Experiments with Nimrod - Cyther606
http://ziotom78.blogspot.com/2014/01/experiments-with-nimrod.html

======
rdtsc
Performance of Nimrod is very impressive.

There was another post a year or two back, where someone was making a small
game and found Nimrod to be the winner, after C/C++ (sorry lost the link).

Garbage collection is also pretty interesting.

[http://nimrod-lang.org/gc.html](http://nimrod-lang.org/gc.html)

There is a real-time feature to it, it basically says "collect garbage but not
more than X microseconds a time". That would be useful for some applications
like games, hardware controllers, low latency audio or signal processing.

I wish some big company (Google or Mozilla) would have taken a look at Nimrod
before going and building their own language and then promoted and marketed
it.
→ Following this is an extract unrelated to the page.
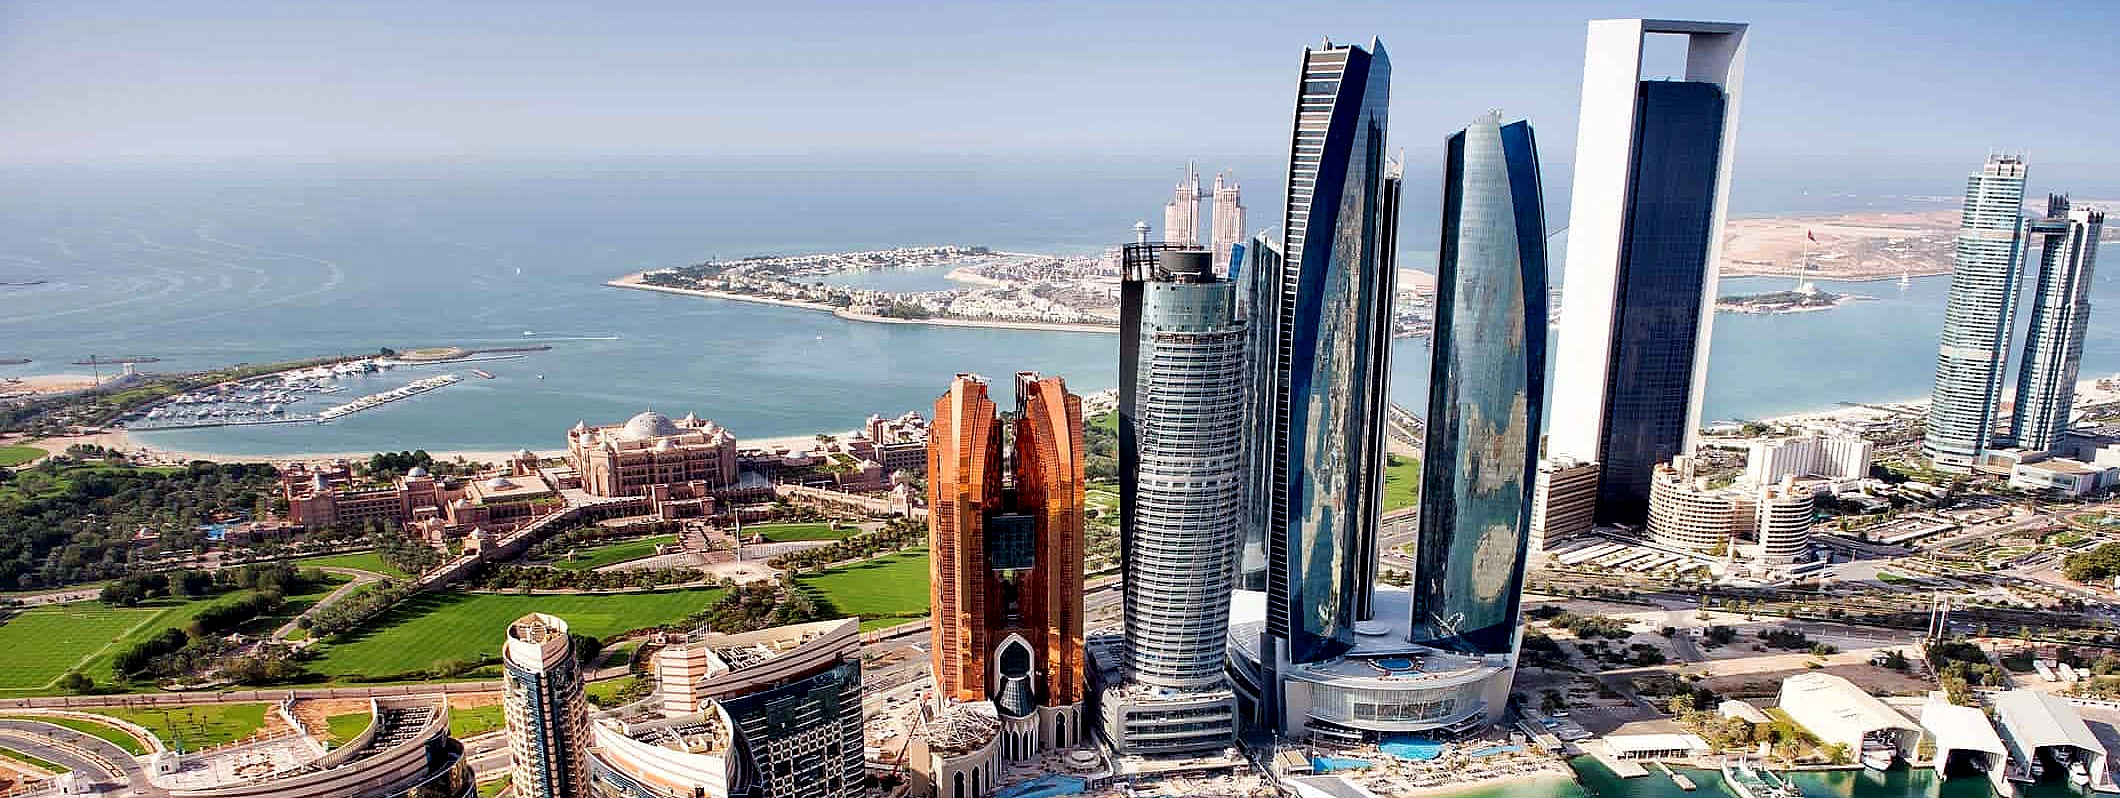 Emirati Arabi, investire no tax in un’economia “veloce”. Giovedì a Verona incontro informativo con le imprese

I guess that almost never happens. Is that arrogance, not invented here
syndrome, legal issues with copyright...?

And as much as I like Nimrod, I feel there also a bit of language-fatigue in
the community. There are so many new-(ish) platforms and languages (Go, Rust,
Swift, Dart, Clojure, Scala, Julia, Elixir). Yes they all have cool things and
are slightly different but I wish there were less new languages and more
stable languages, with better documentation, and a large library ecosystem.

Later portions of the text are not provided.